In the entries below, find the line with "tortoise-eagle-detail1.jpg.JPG" and the line with "Proplus Anhänger Hochplane". Repeat exactly everything between them, those two lines included, but not the pictures.

Start of Source material

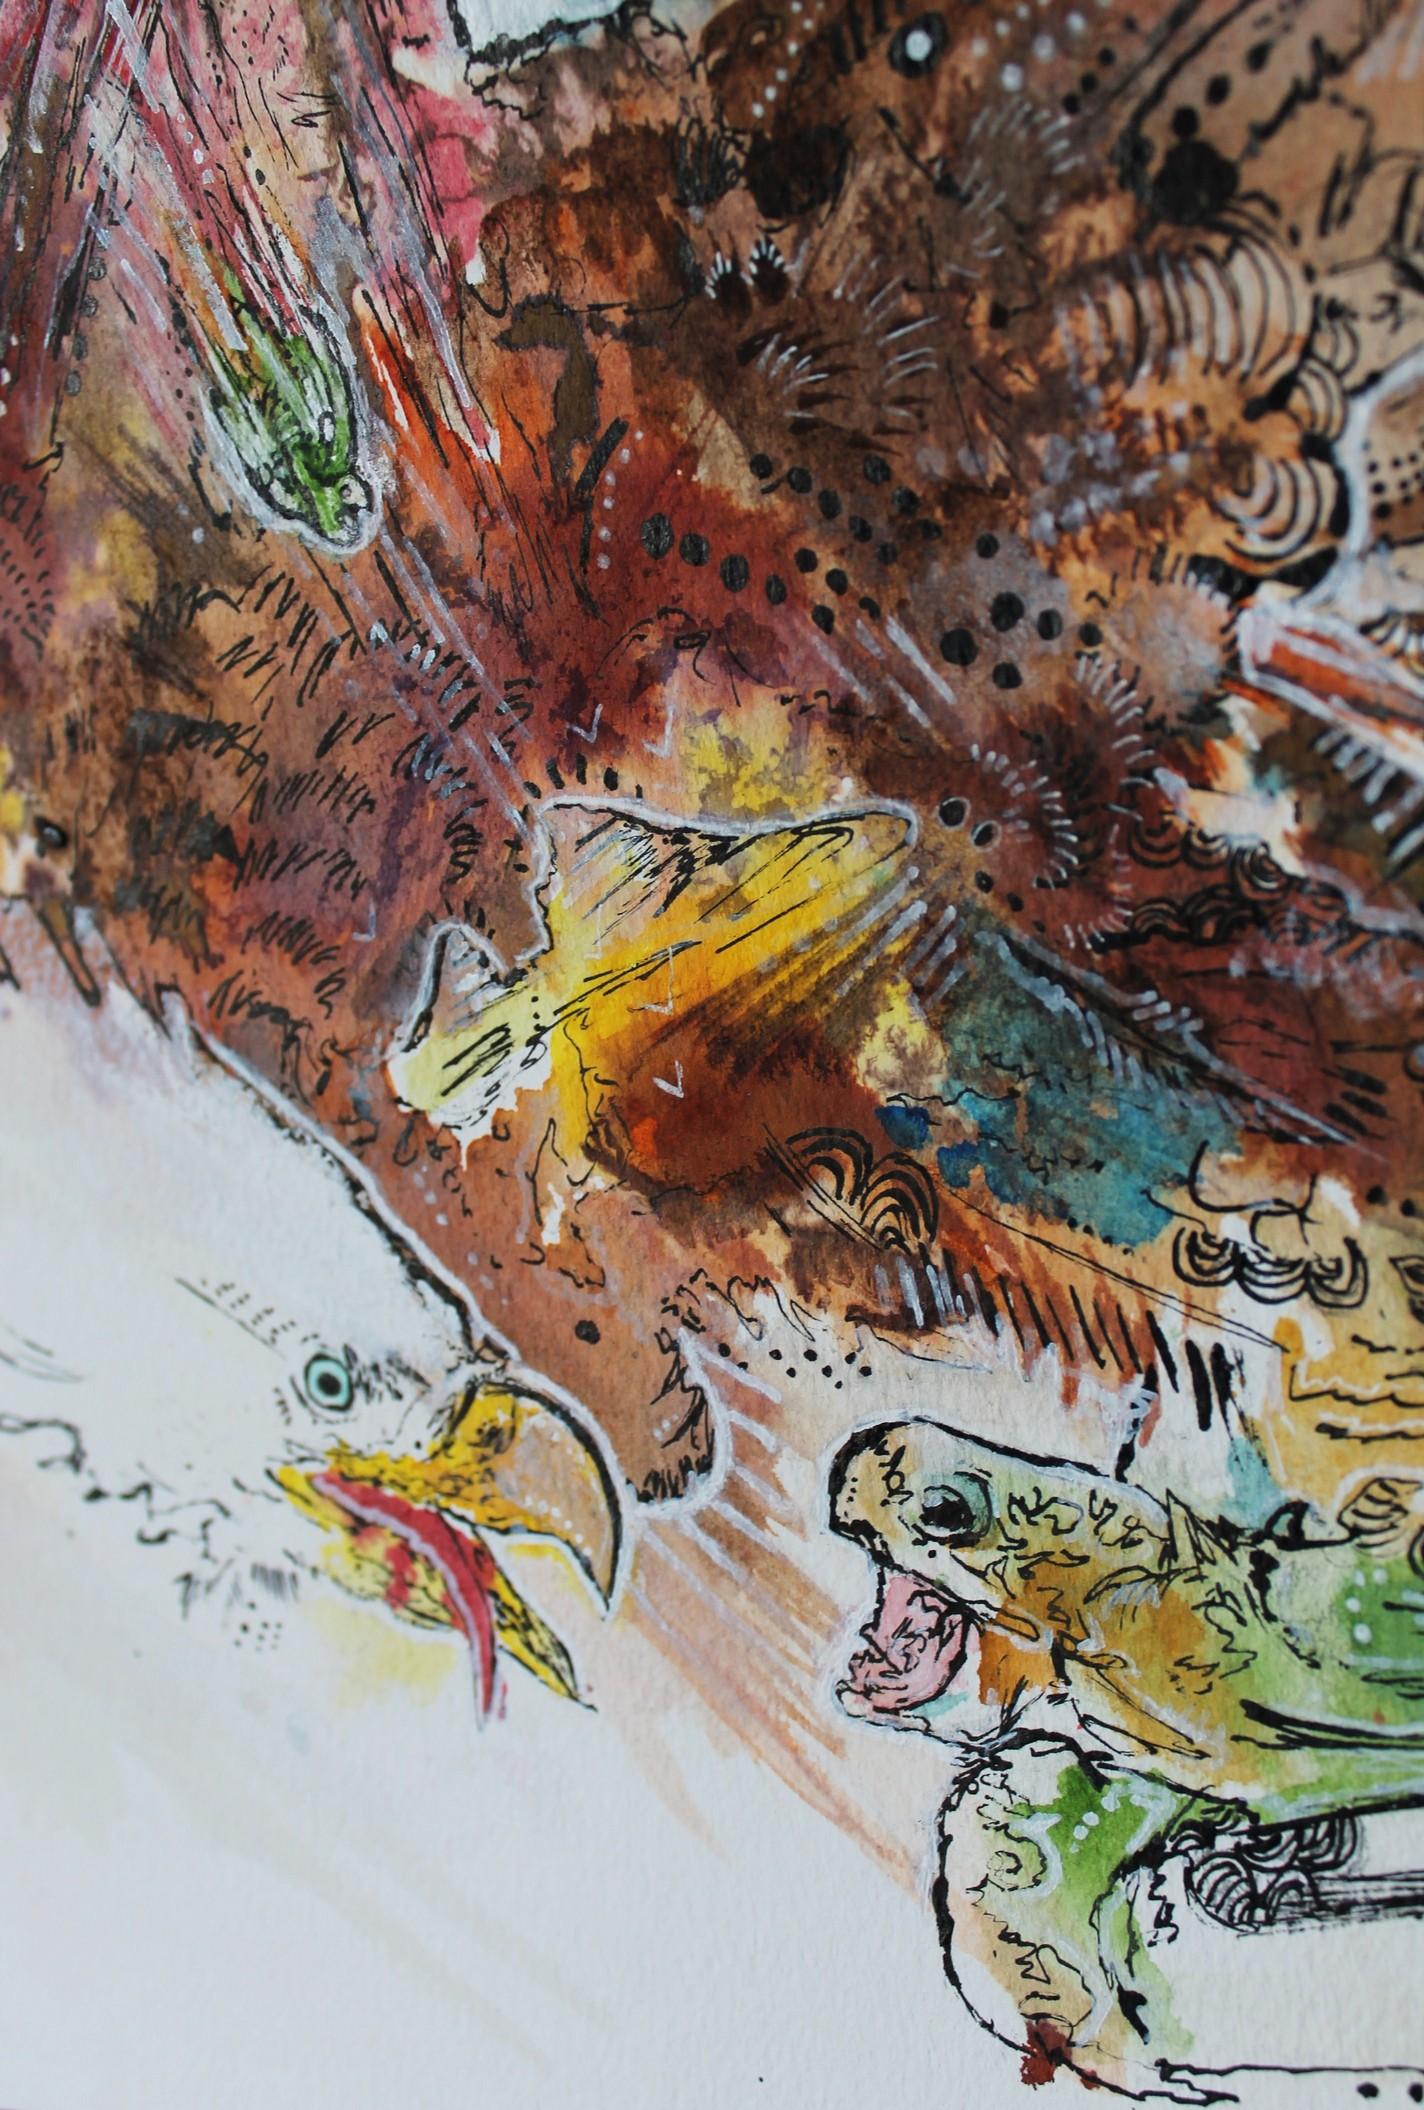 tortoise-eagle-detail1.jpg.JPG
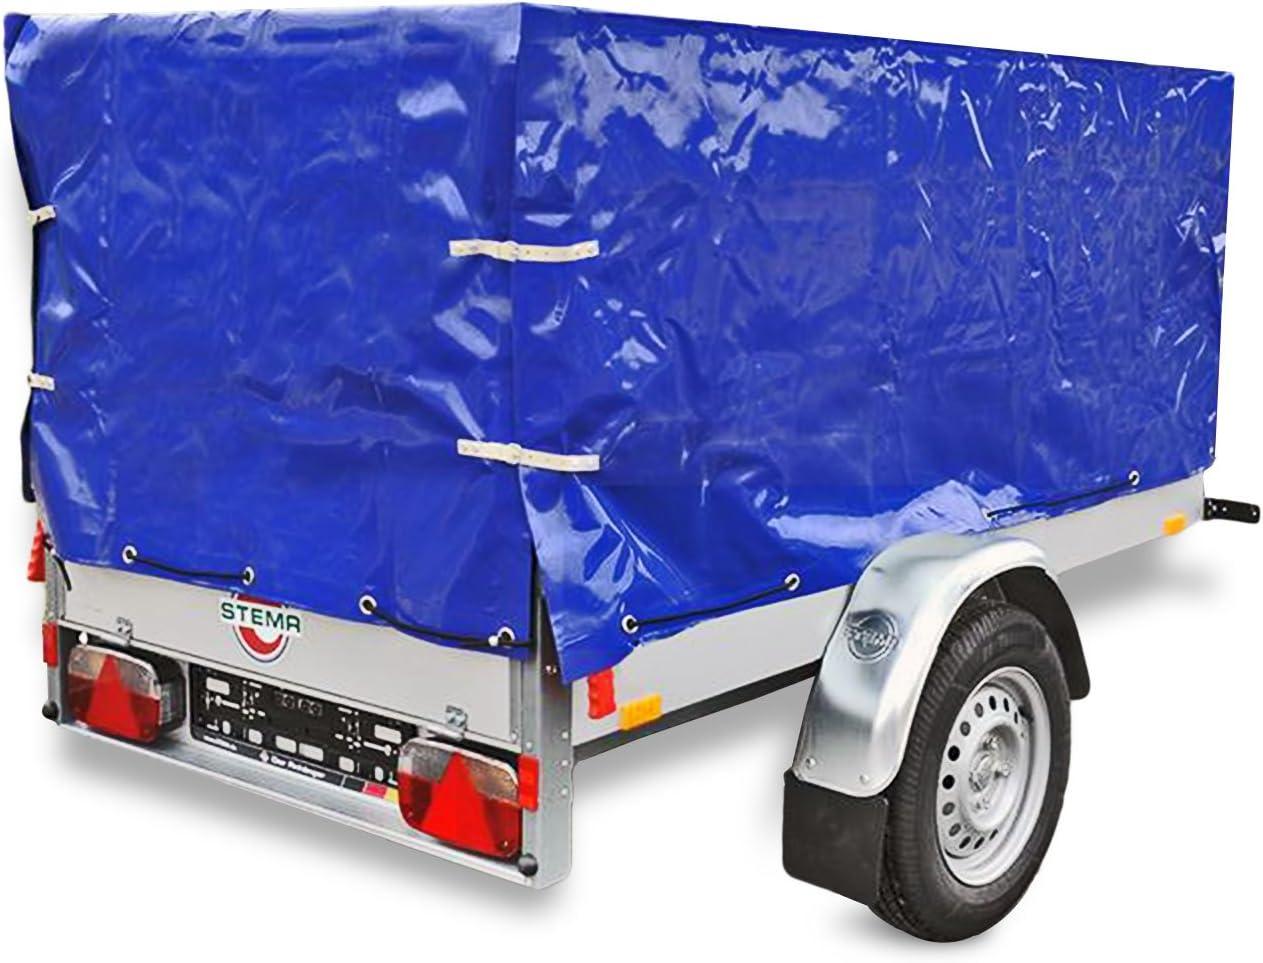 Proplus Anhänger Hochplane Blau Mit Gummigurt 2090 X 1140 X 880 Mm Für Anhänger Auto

End of Source material
Start of Source material

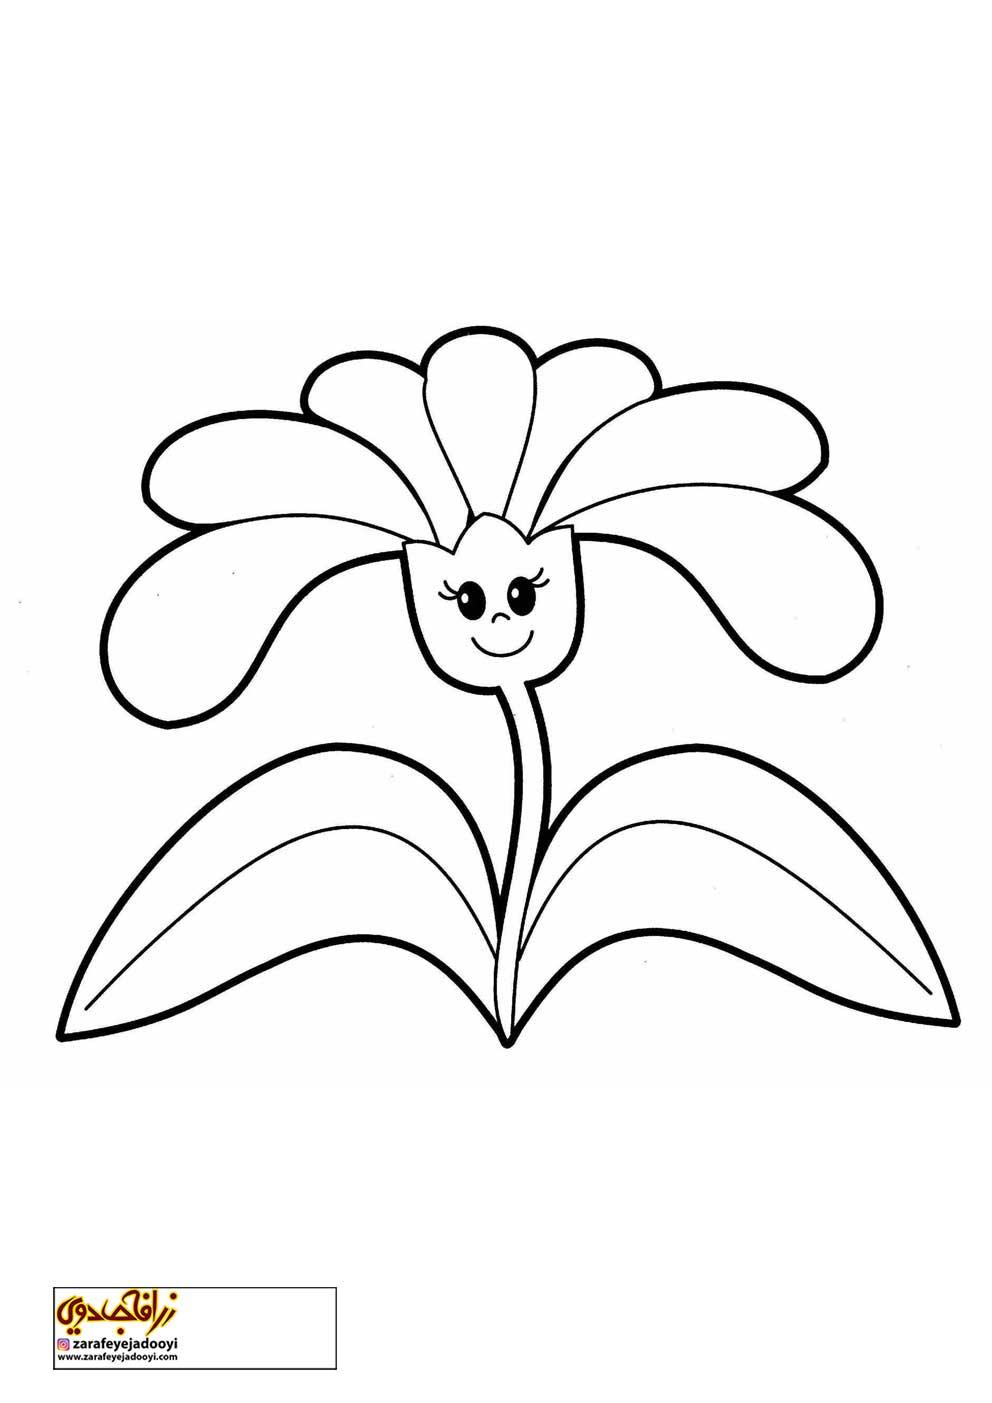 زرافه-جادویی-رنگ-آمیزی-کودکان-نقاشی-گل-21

End of Source material
Start of Source material

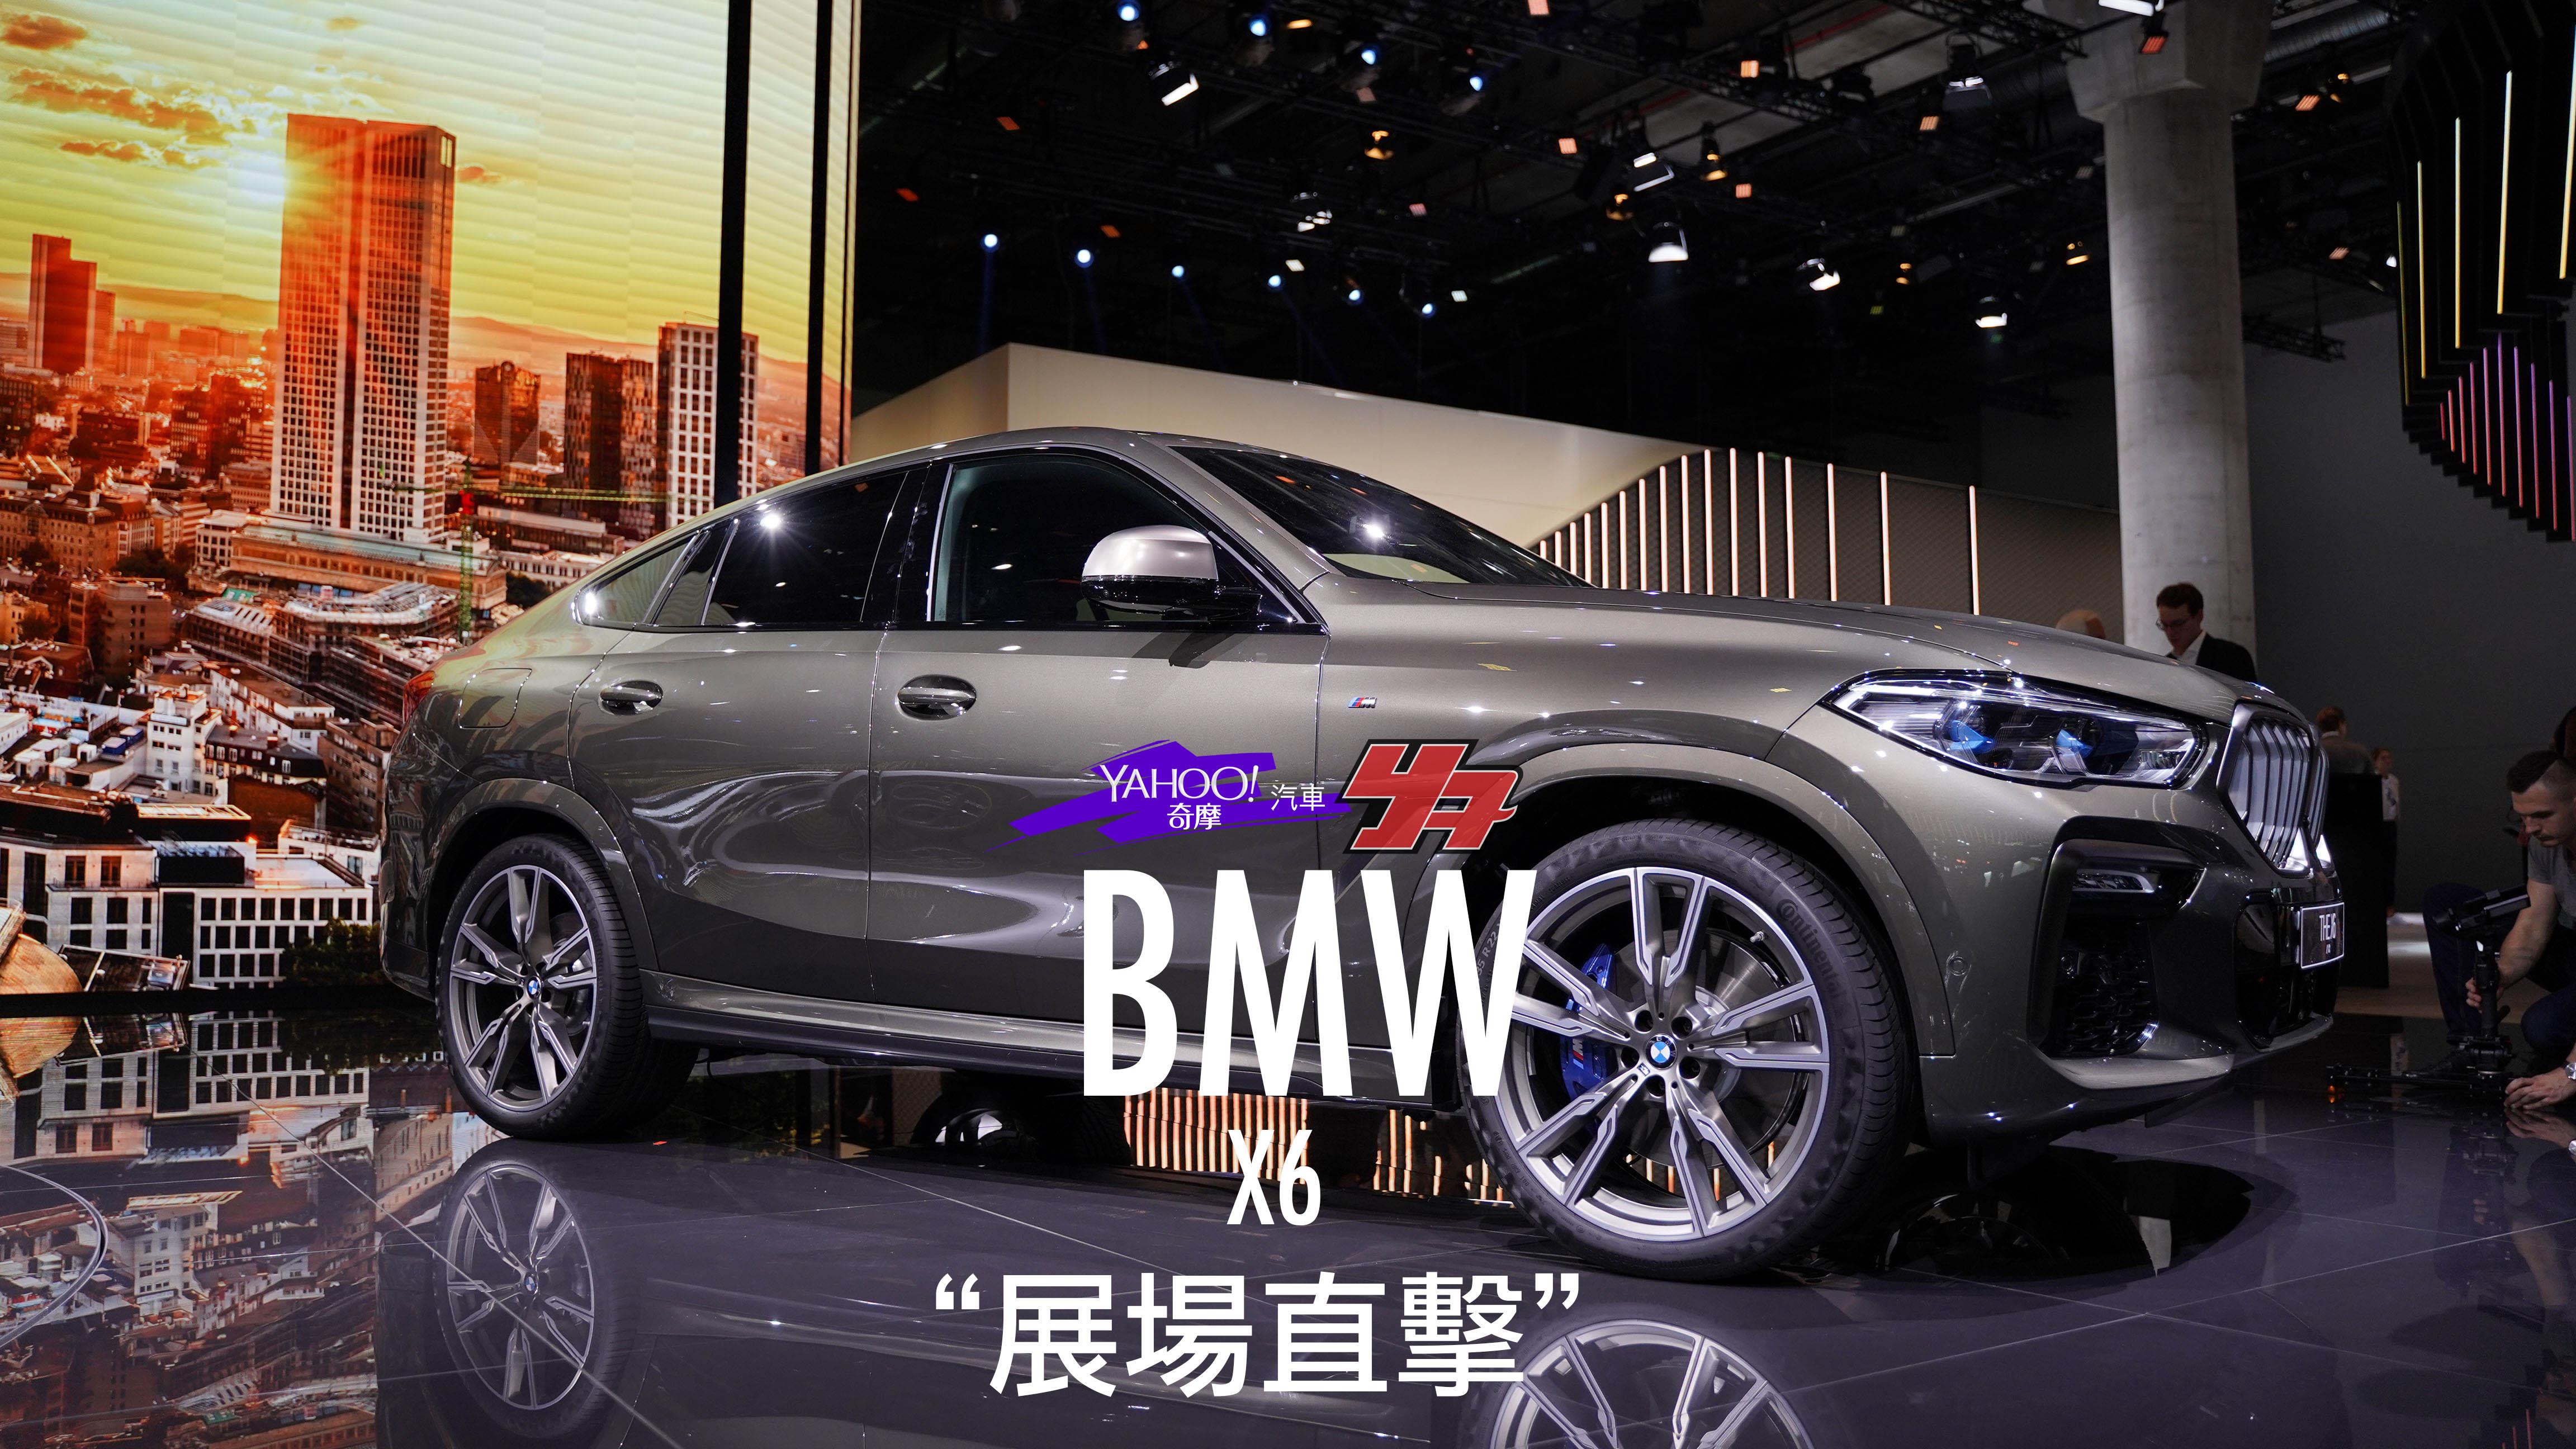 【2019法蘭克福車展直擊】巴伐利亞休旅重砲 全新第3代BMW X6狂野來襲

End of Source material

> [Task solution]:
 tortoise-eagle-detail1.jpg.JPG
 Proplus Anhänger Hochplane Blau Mit Gummigurt 2090 X 1140 X 880 Mm Für Anhänger Auto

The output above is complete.